Now we apply this function to each row of the df2$Current Sector column using purrr::map_chr() to iteratively work through the dataset. I recommend including the .progress argument so that you can see if the function is running or if it’s stuck. This took about 4 minutes on my exteremly average machine.

# Apply the function classify_company_fast() using purrr::map_chr()
df2$`Current Sector` <- map_chr(
  df2$Company,
  classify_company_fast,
  .progress = "Classifying companies"
)

Then, there’s a little more data cleaning so that we get the plot output that we’re looking for that includes a percent of former colleagues in their new sector and the total count.

df3 <- df2 |>
  count(MSI_ENC, `Current Sector`) |>
  rename(source = MSI_ENC, target = `Current Sector`, value = n) |>
  mutate(
    source = "413 Former MSI and EnCompass colleagues",
    percent = paste0(round(value / sum(value) * 100, 1), "%")
  ) |>
  arrange(desc(value))

A table with the data

Here’s what we’ll be plotting in the sankey chart.

df3_table <- df3 |>
  select(target, value, percent) |>
  gt() |>
  tab_header(
    title = "Career Transitions from my MSI and EnCompass Colleagues",
    subtitle = "Distribution of professionals across sectors"
  ) |>
  cols_label(
    target = "Current Sector",
    value = "Count",
    percent = "Percentage"
  ) |>
  tab_style(
    style = cell_text(weight = "bold"),
    locations = cells_column_labels()
  ) |>
  tab_style(
    style = cell_fill(color = "#f8f9fa"),
    locations = cells_body(rows = seq(1, nrow(df3), 2))
  ) |>
  cols_align(
    align = "left",
    columns =  target
  ) |>
  cols_align(
    align = "center",
    columns = c(value, percent)
  )
  
gtsave(df3_table, "df3_table.html")

Convert this into a graphic

We are using the networkD3 package to make an interactive sankey chart so it expects there to be nodes and links as in a network object.

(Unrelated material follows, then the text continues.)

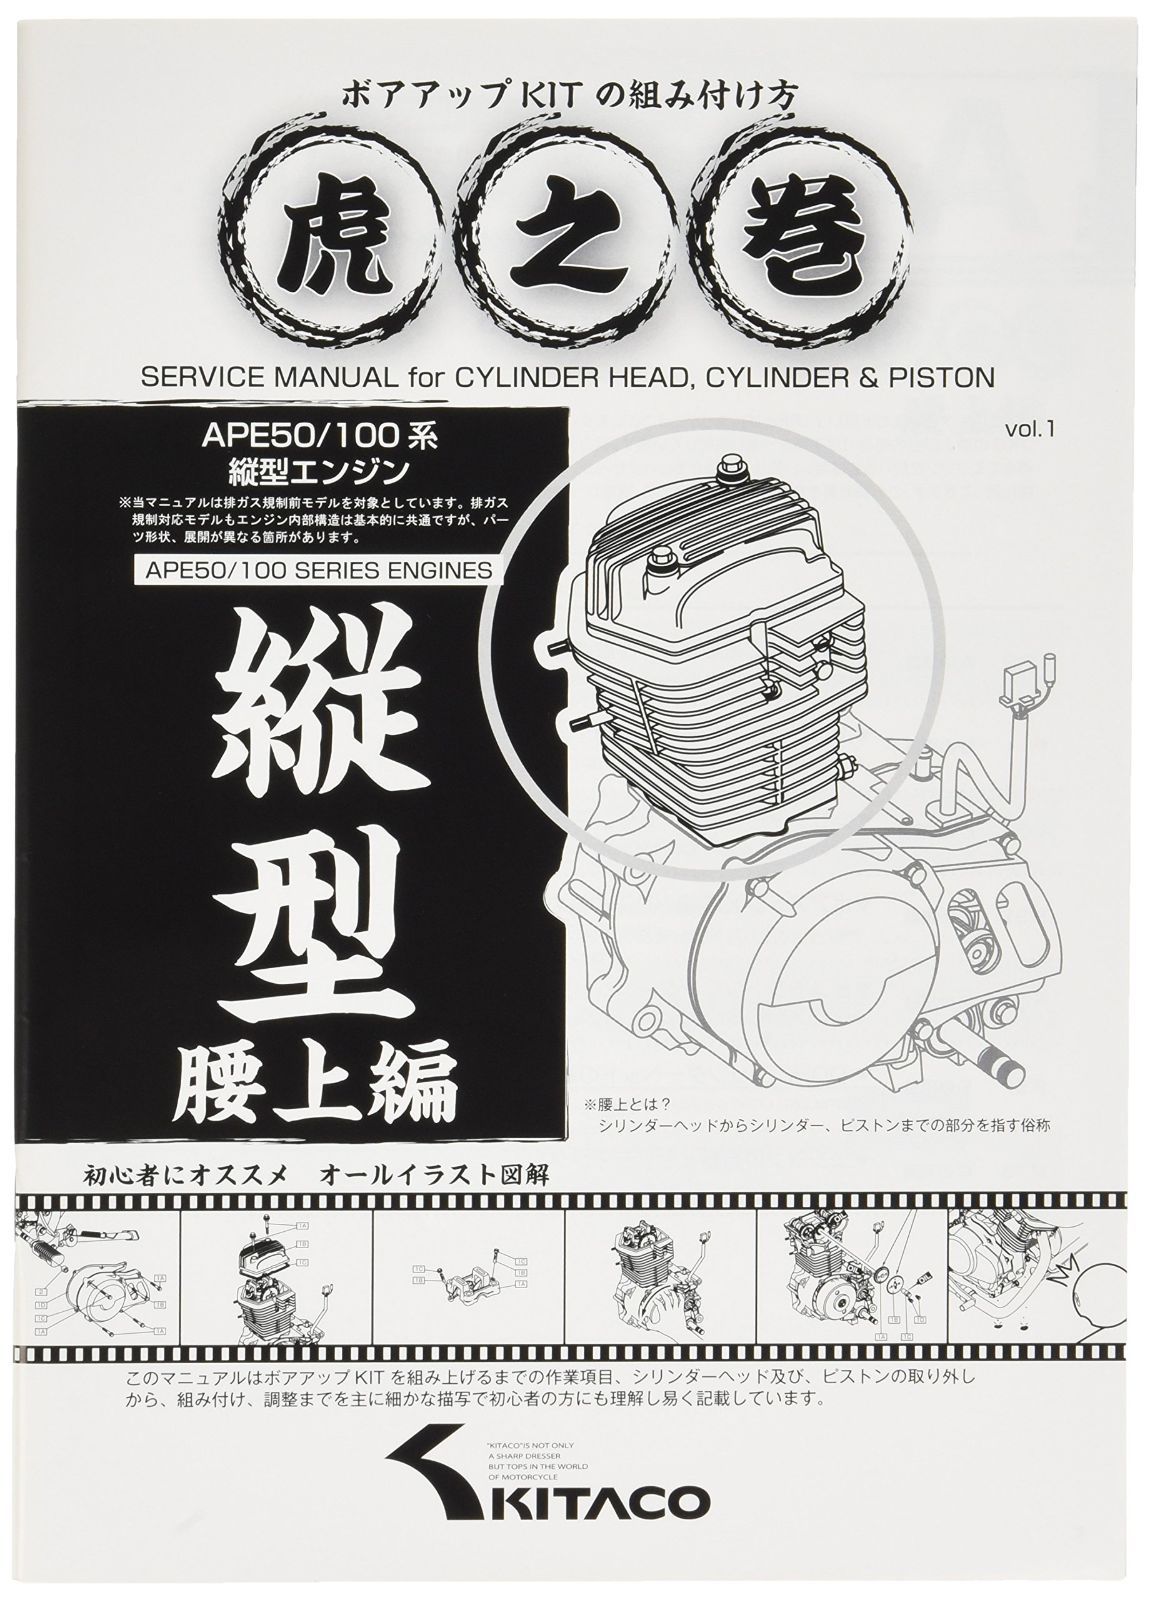 【人気商品】ボアアップキットの組み付け方 虎の巻 腰上編 キタコ(KITACO) エイプ系縦型エンジン 00-0901001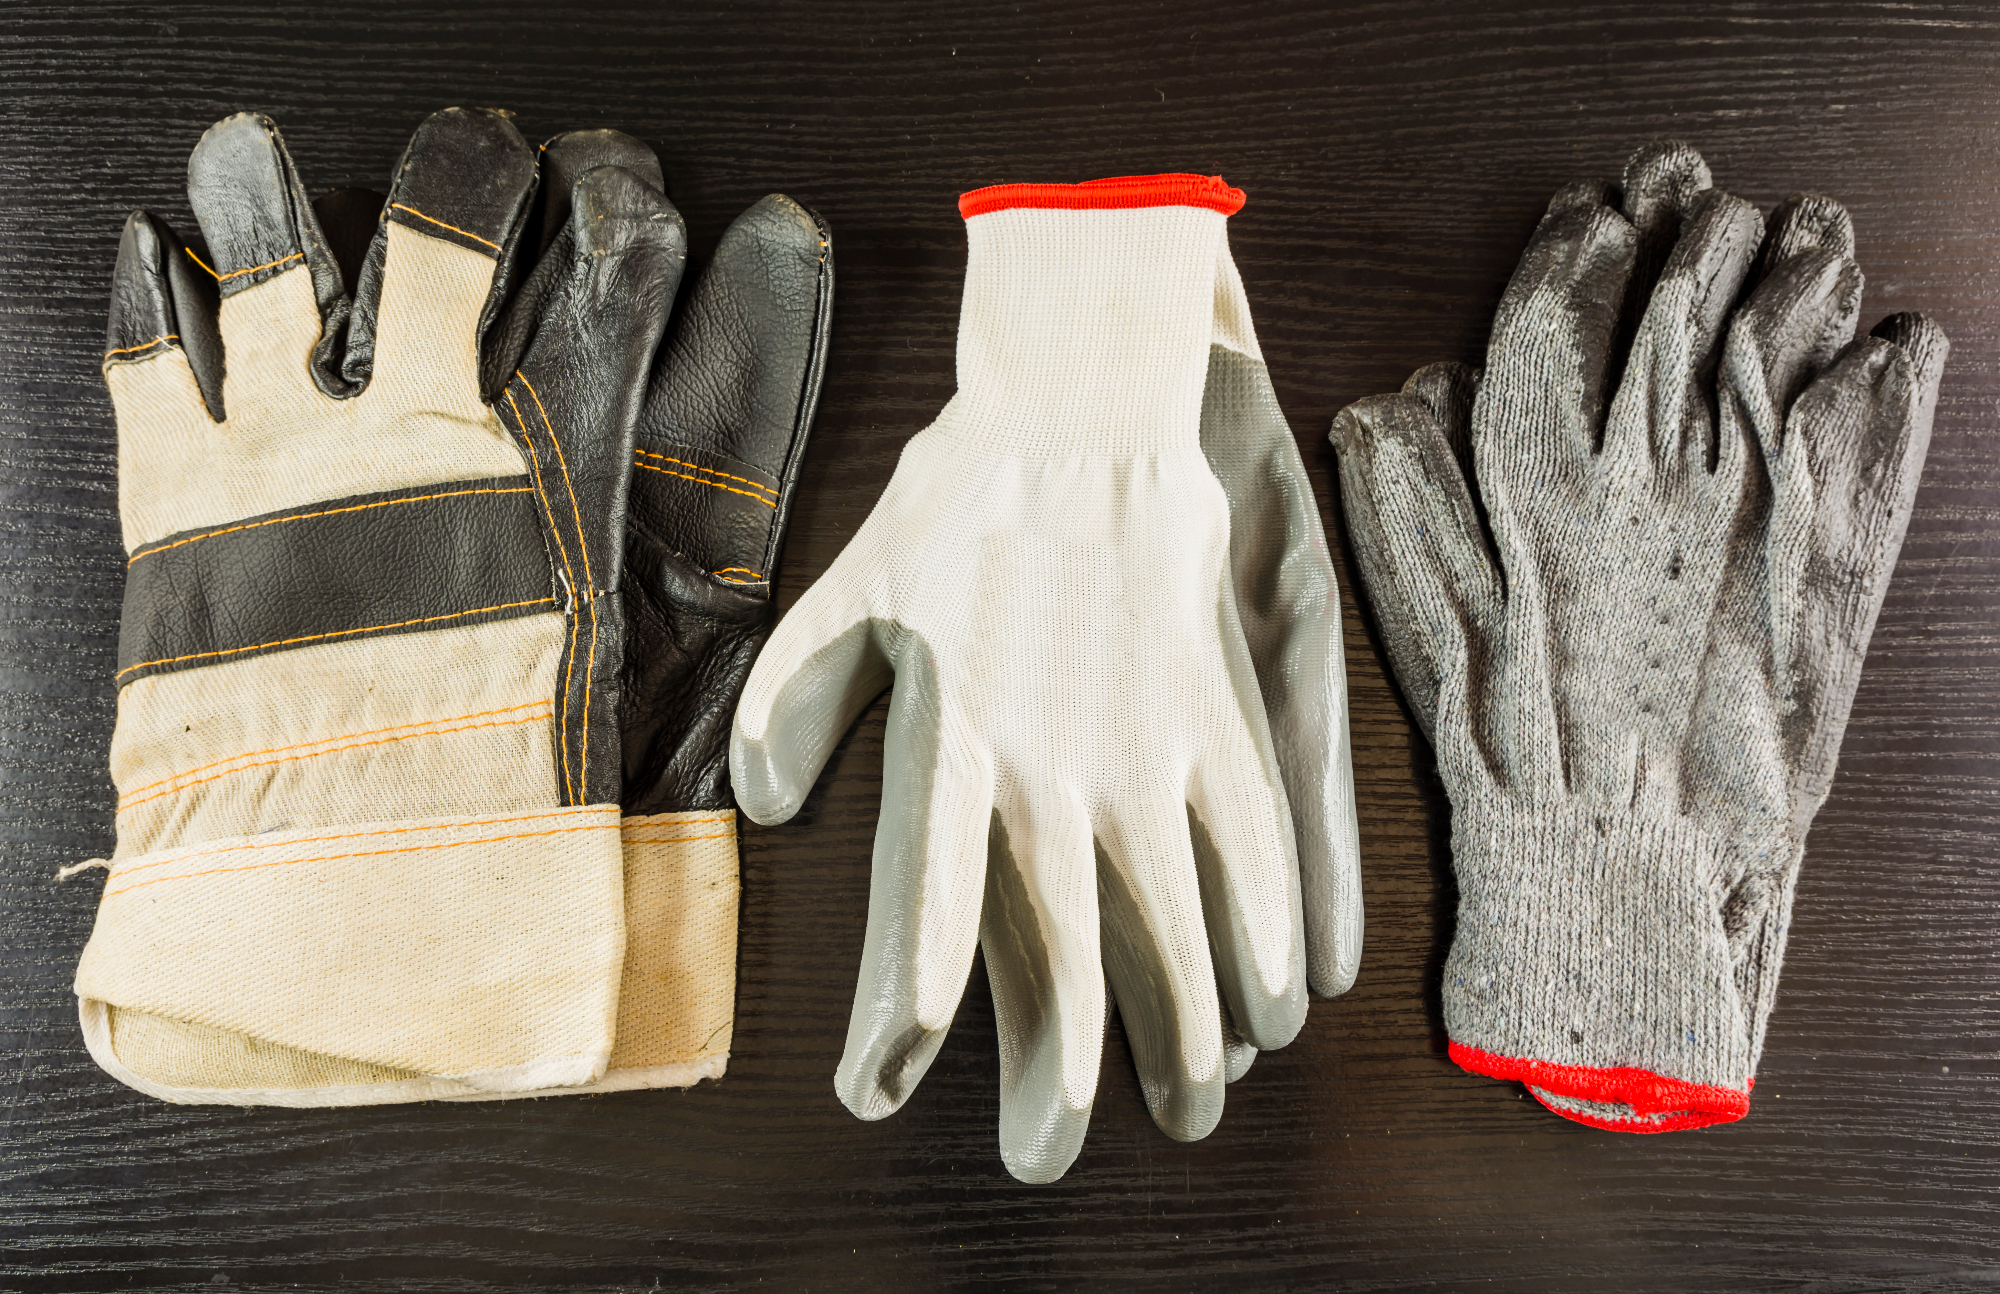 Zaščitne rokavice so zelo pomembne pri marsikaterem delom

# create nodes dataframe (unique list of all nodes)
nodes <- data.frame(
  name = c(unique(df3$source), unique(df3$target))
) |>
  distinct()

#create a links data frame that clearly identifies the source (left side) and the target (right side) of the sankey chart and that includes the percent
links <- df3 |>
  mutate(
    source_id = match(source, nodes$name) - 1,
    target_id = match(target, nodes$name) - 1,
    )
    #percent = paste0(round(value / sum(value) * 100, 1), "%")
  #)

# Convert to plain data frame
links <- as.data.frame(links)
nodes <- as.data.frame(nodes)

Pass the data to the sankeyNetwork() function and make the plot. Enfin!

sankey <- sankeyNetwork(
  Links = links,
  Nodes = nodes,
  Source = "source_id",
  Target = "target_id",
  Value = "value",
  NodeID = "name",
  units = "connections",
  fontSize = 14,
  nodeWidth = 30,
  fontFamily = "Arial",
  colourScale = networkD3::JS("d3.scaleOrdinal(d3.schemeCategory20);"),
  sinksRight = TRUE
)

# Save the widget as an HTML file
saveWidget(sankey, "sankey_plot.html", selfcontained = TRUE)

This is ok… only ok. It does produce an interactive graphic, but I don’t think the R wrapper, NetworkD3, allows us to customize the look and feel the way we really want for a finished graphic. We’ll need to use javascript to make this look better.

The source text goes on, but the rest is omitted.